我试图做pagerank基本的例子在flink一点点修改(仅在读取输入文件,其他一切都是一样的),我得到的错误为任务不可序列化,下面是输出错误的一部分
下面是我的代码atorg.apache.flink.api.scala.ClosureCleaner .ensureSerializable美元(ClosureCleaner.scala: 179)org.apache.flink.api.scala.ClosureCleaner .clean美元(ClosureCleaner.scala: 171)
object hpdb {
def main(args: Array[String]) {
val env = ExecutionEnvironment.getExecutionEnvironment
val maxIterations = 10000
val DAMPENING_FACTOR: Double = 0.85
val EPSILON: Double = 0.0001
val outpath = "/home/vinoth/bigdata/assign10/pagerank.csv"

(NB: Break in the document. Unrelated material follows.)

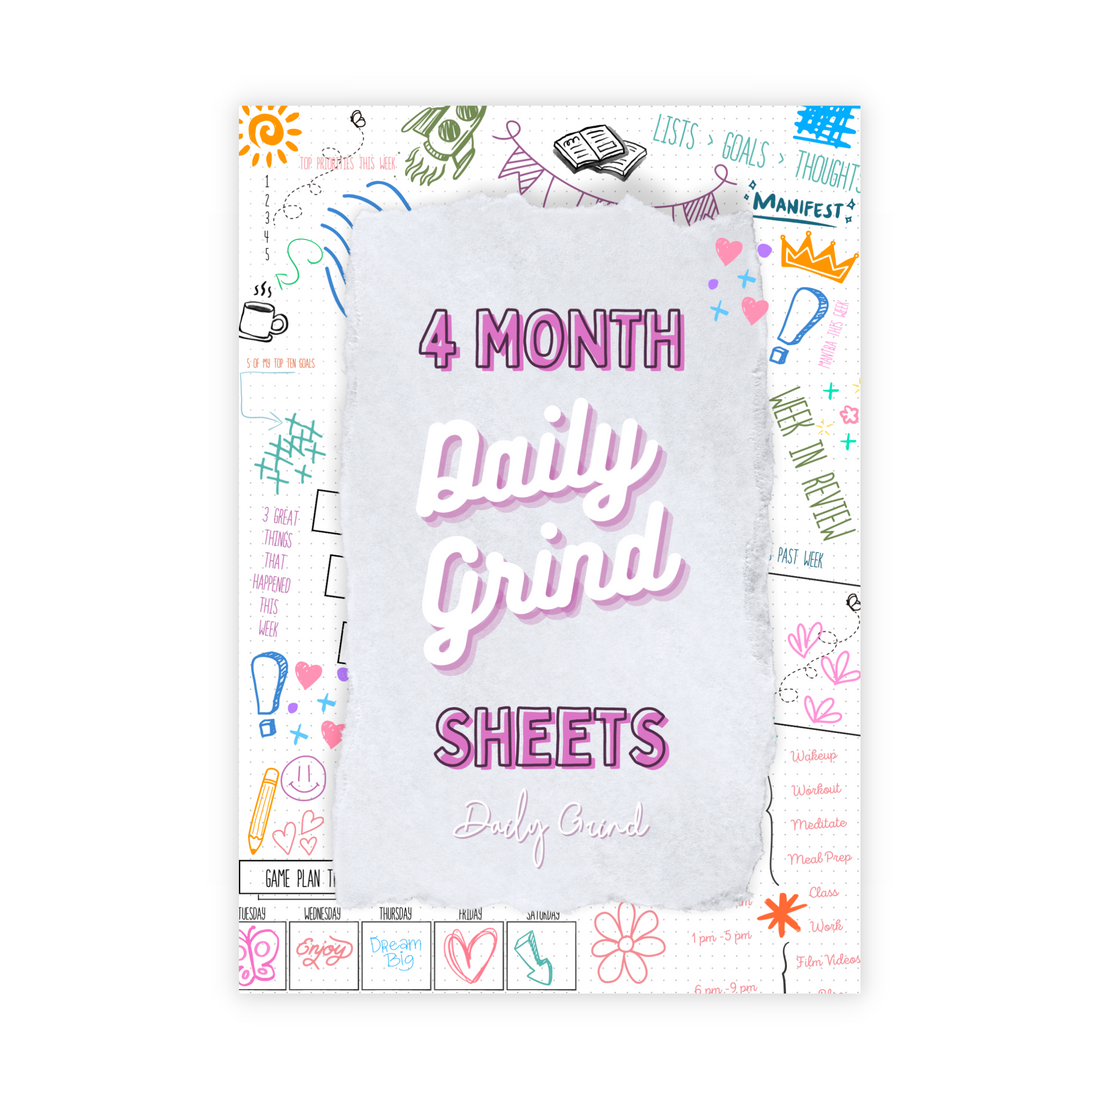 &quot;4 Month Daily Grind Sheets&quot; cover page

val links = env.readCsvFile[Tuple2[Long,Long]]("/home/vinoth/bigdata/assign10/ppi.csv",
fieldDelimiter = "t", includedFields = Array(1,4)).as('sourceId,'targetId).toDataSet[Link]//source and target
val pages = env.readCsvFile[Tuple1[Long]]("/home/vinoth/bigdata/assign10/ppi.csv",
fieldDelimiter = "t", includedFields = Array(1)).as('pageId).toDataSet[Id]//Pageid
val noOfPages = pages.count()
val pagesWithRanks = pages.map(p => Page(p.pageId, 1.0 / noOfPages))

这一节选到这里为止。